=== What is being asked ===
Omit all pictures, and print word for word only the lines from the one containing "SOFT FIXING TRADING LLC" through the end of the data.
══ Collected data ══
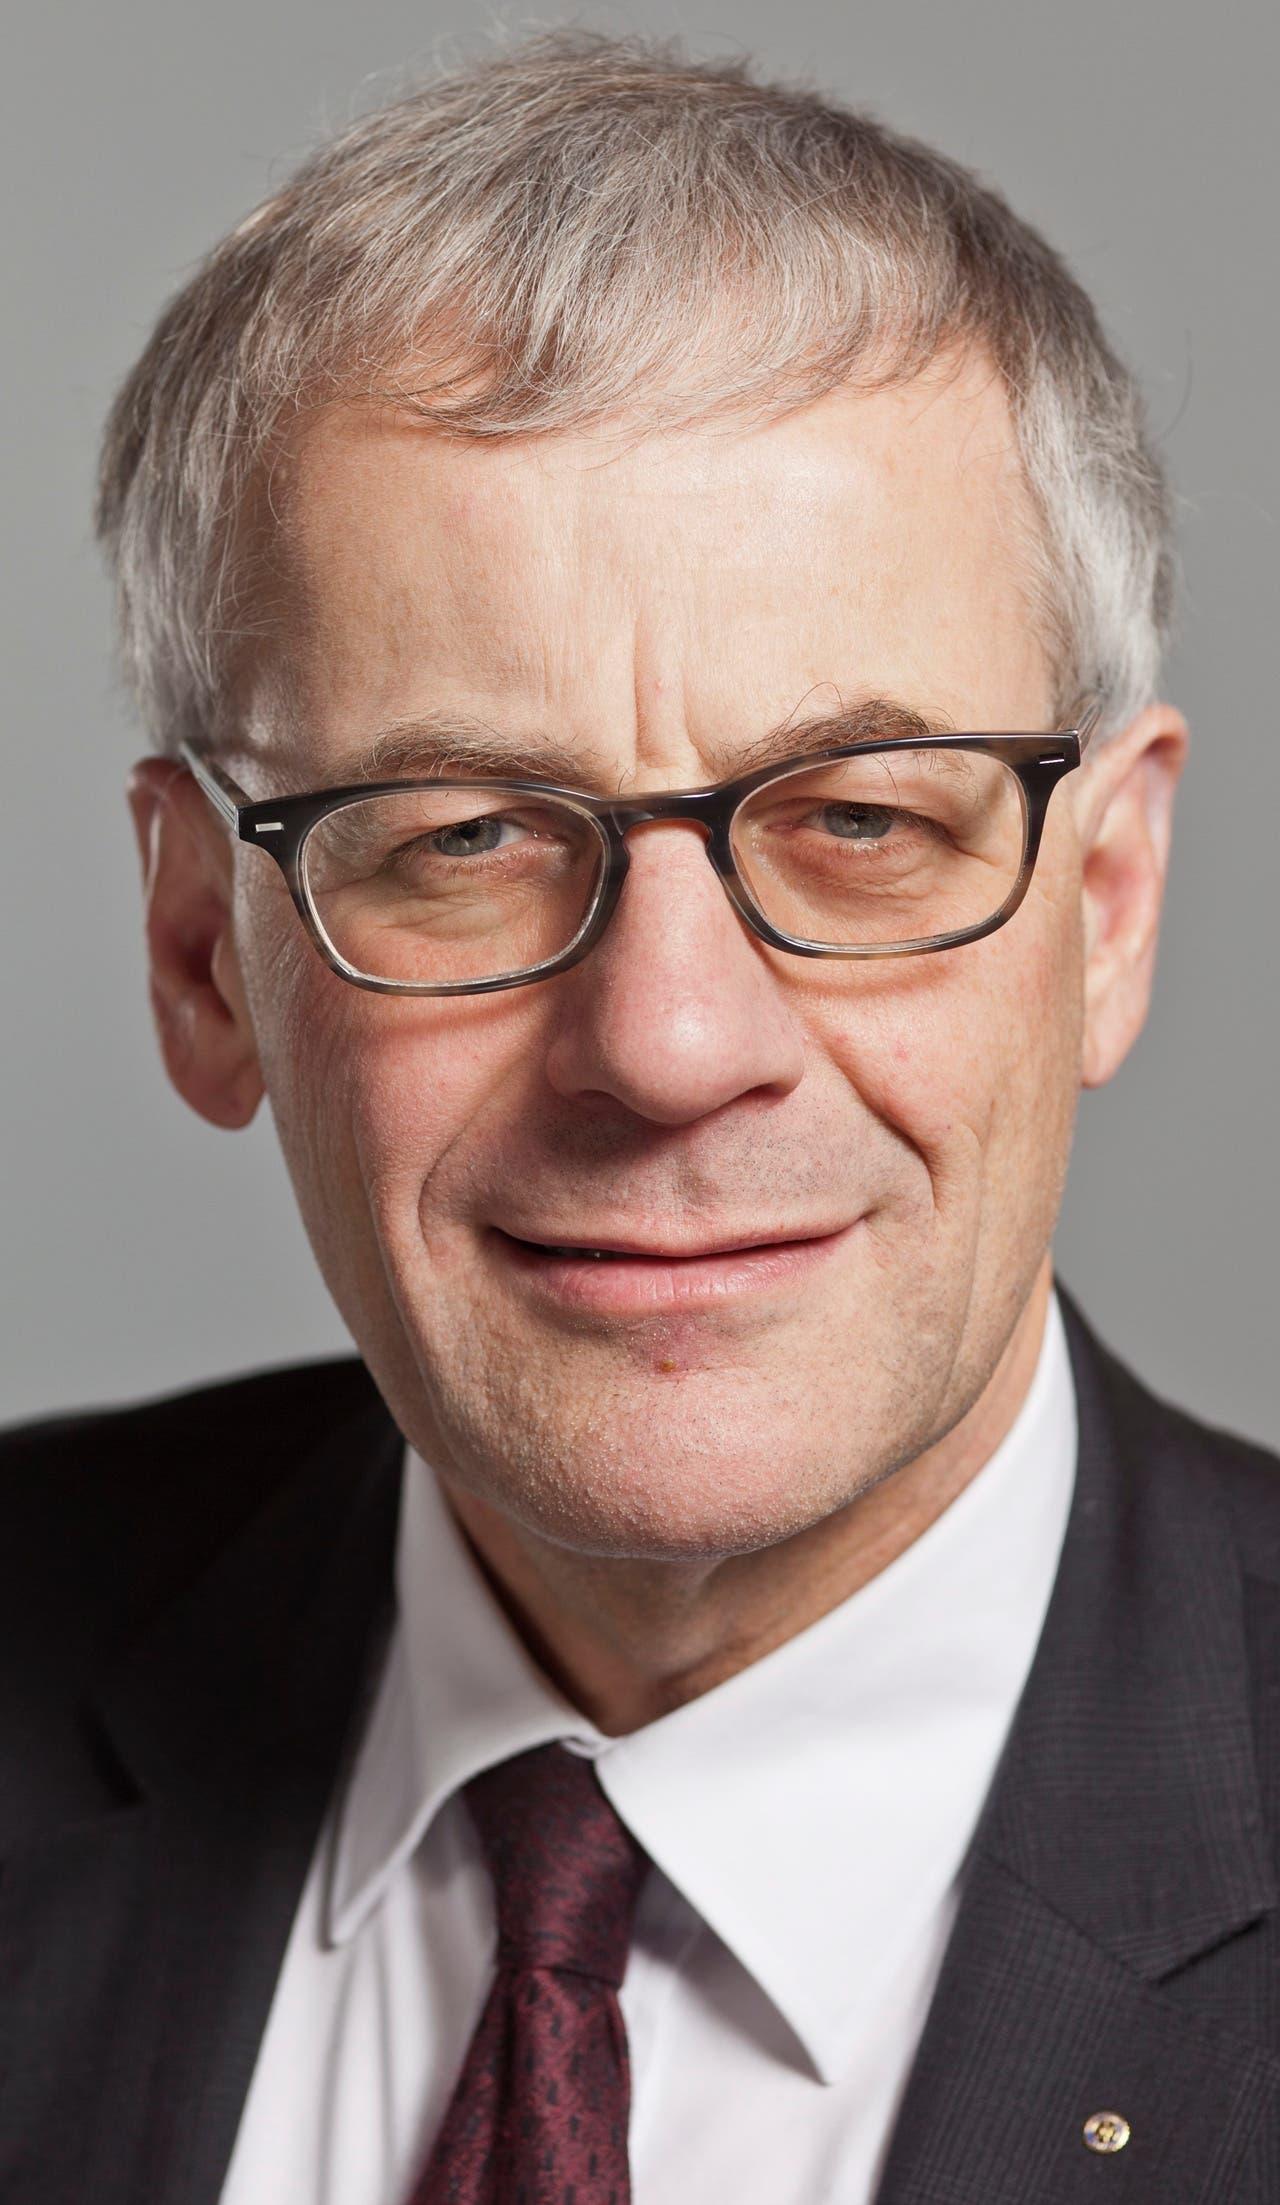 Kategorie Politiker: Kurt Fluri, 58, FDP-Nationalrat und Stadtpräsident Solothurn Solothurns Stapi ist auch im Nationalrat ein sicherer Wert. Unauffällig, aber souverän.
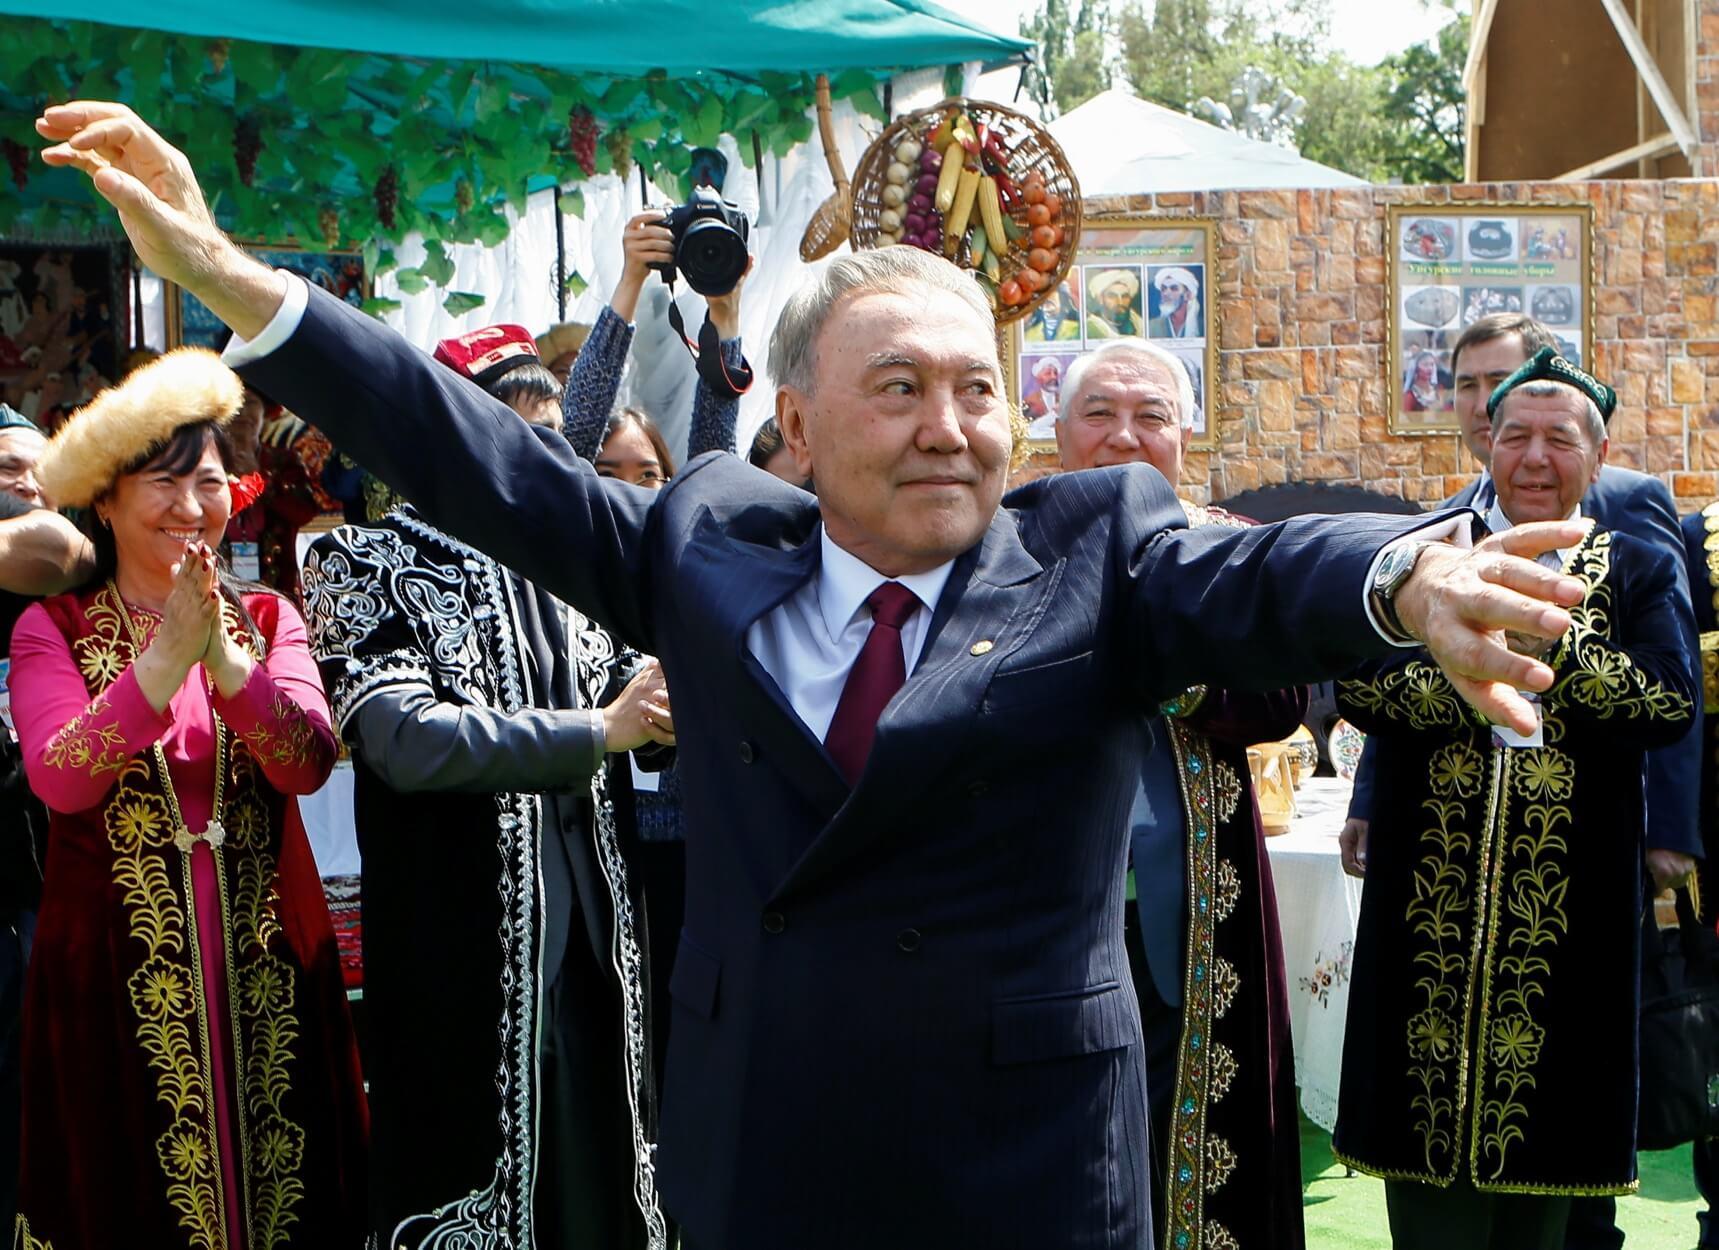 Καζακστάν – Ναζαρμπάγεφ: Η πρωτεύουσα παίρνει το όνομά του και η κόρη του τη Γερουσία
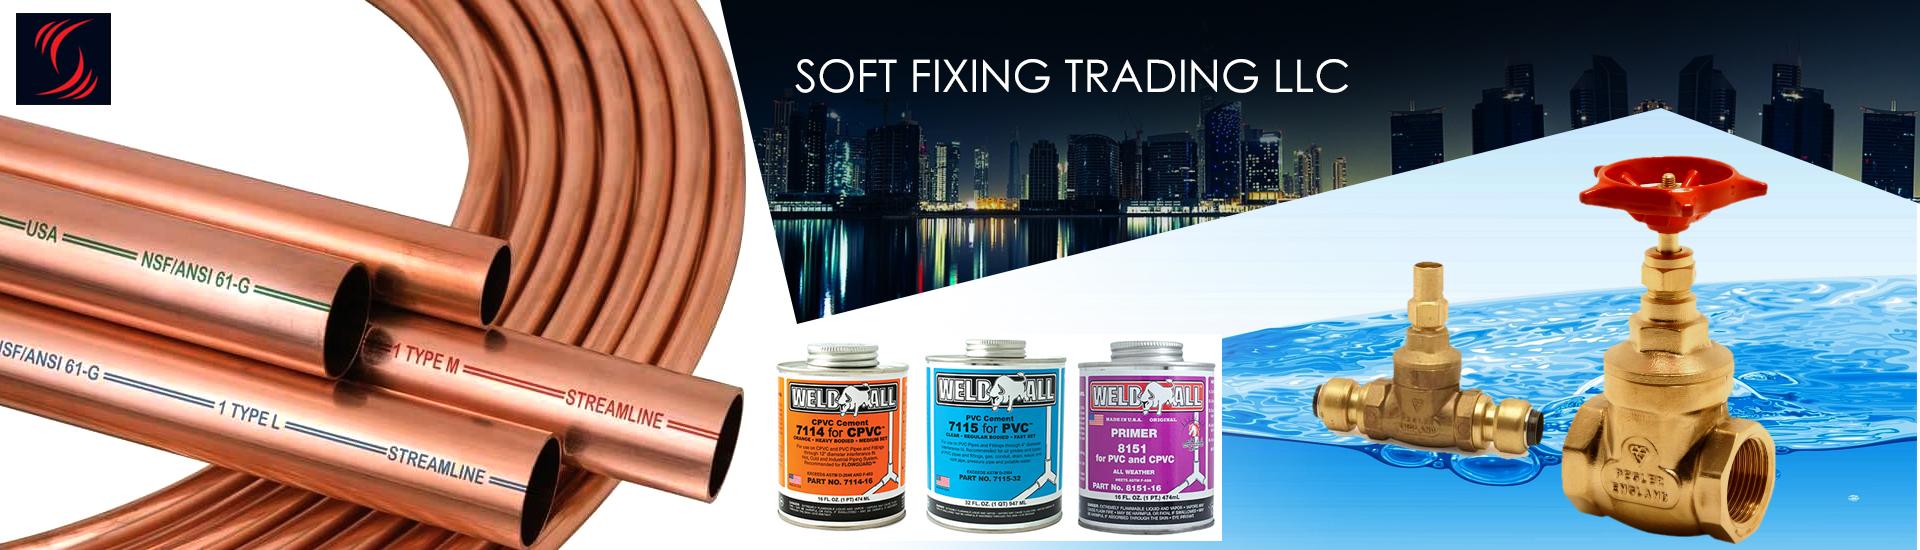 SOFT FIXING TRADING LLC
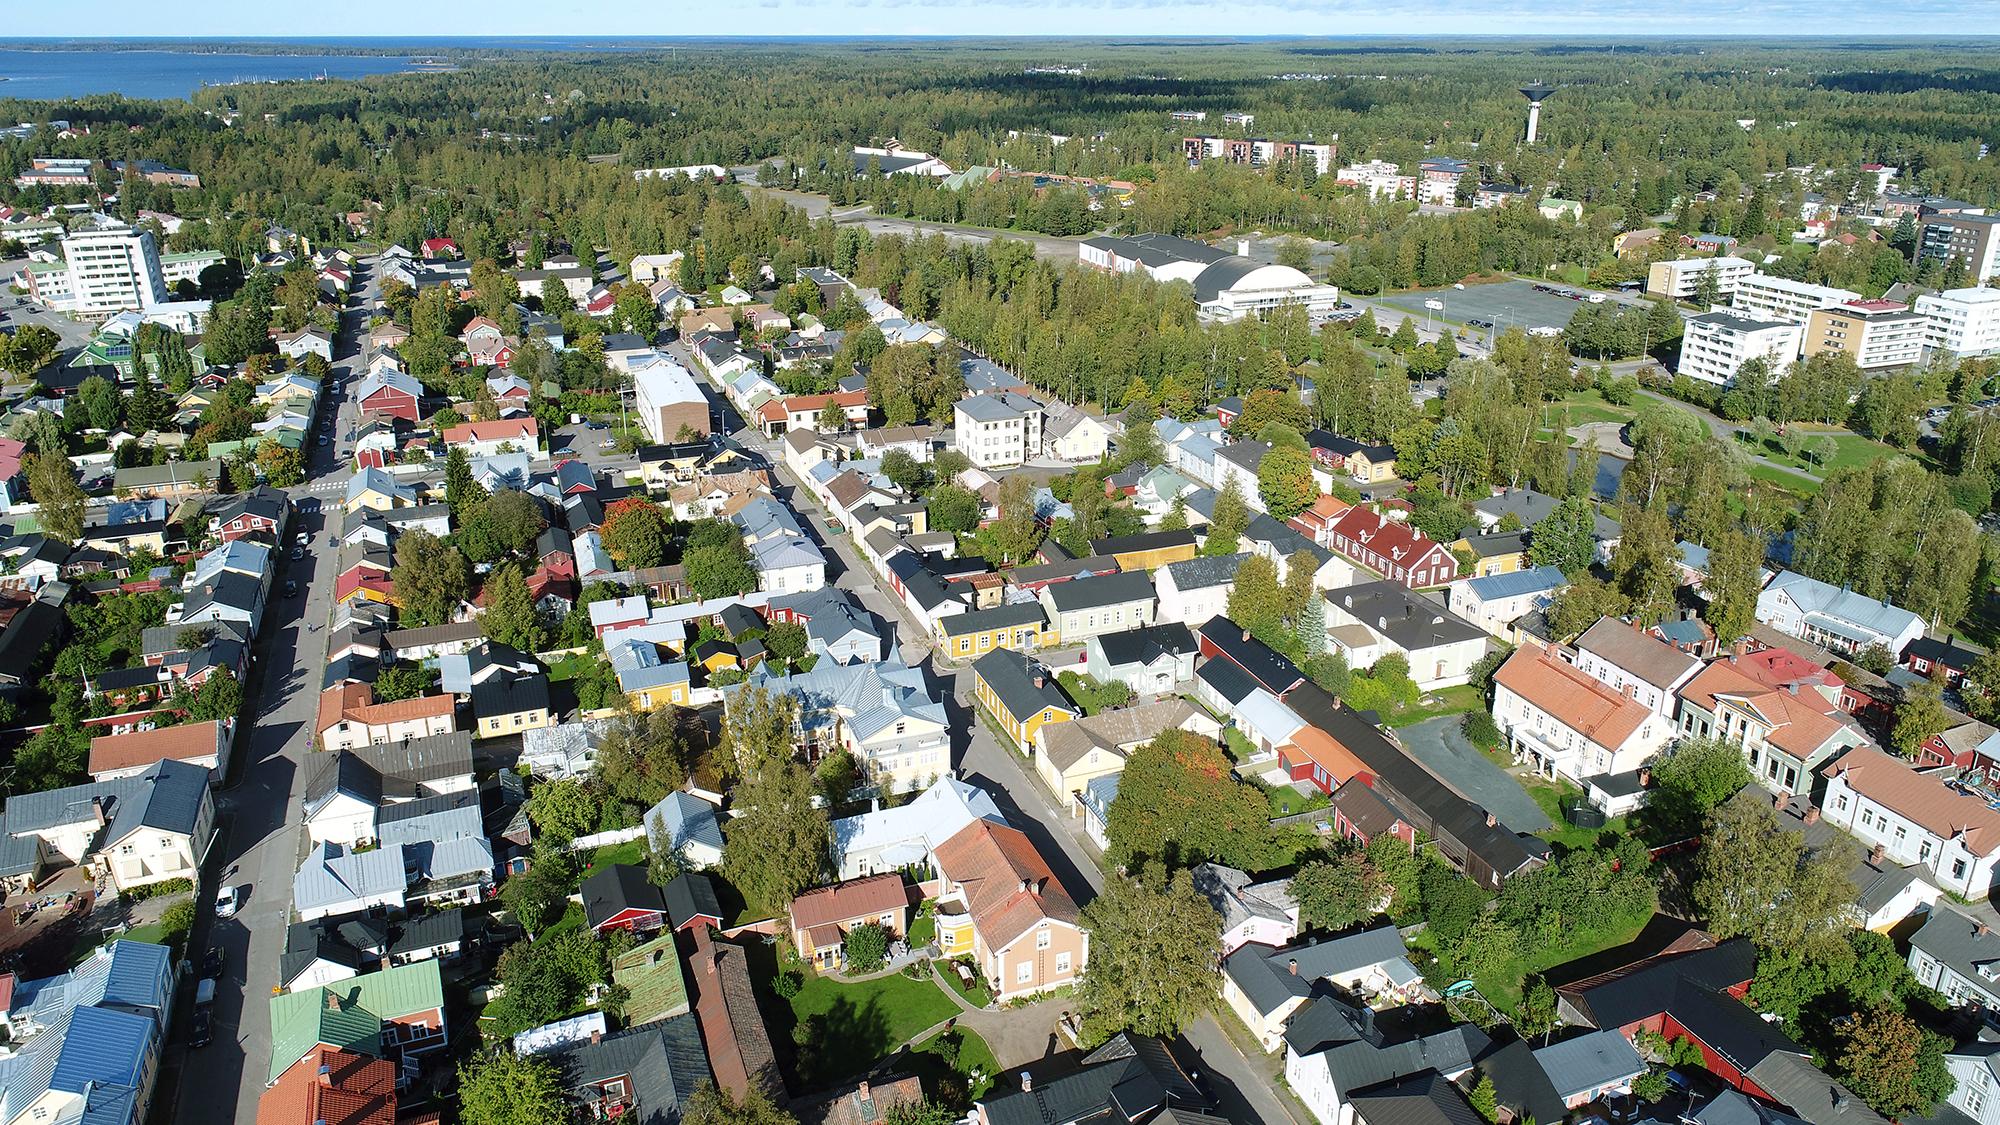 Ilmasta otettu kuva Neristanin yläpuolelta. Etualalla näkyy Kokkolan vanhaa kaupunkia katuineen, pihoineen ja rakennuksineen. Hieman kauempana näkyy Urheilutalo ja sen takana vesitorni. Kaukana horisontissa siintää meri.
═══
=== Completed exercise ===
 SOFT FIXING TRADING LLC
 Ilmasta otettu kuva Neristanin yläpuolelta. Etualalla näkyy Kokkolan vanhaa kaupunkia katuineen, pihoineen ja rakennuksineen. Hieman kauempana näkyy Urheilutalo ja sen takana vesitorni. Kaukana horisontissa siintää meri.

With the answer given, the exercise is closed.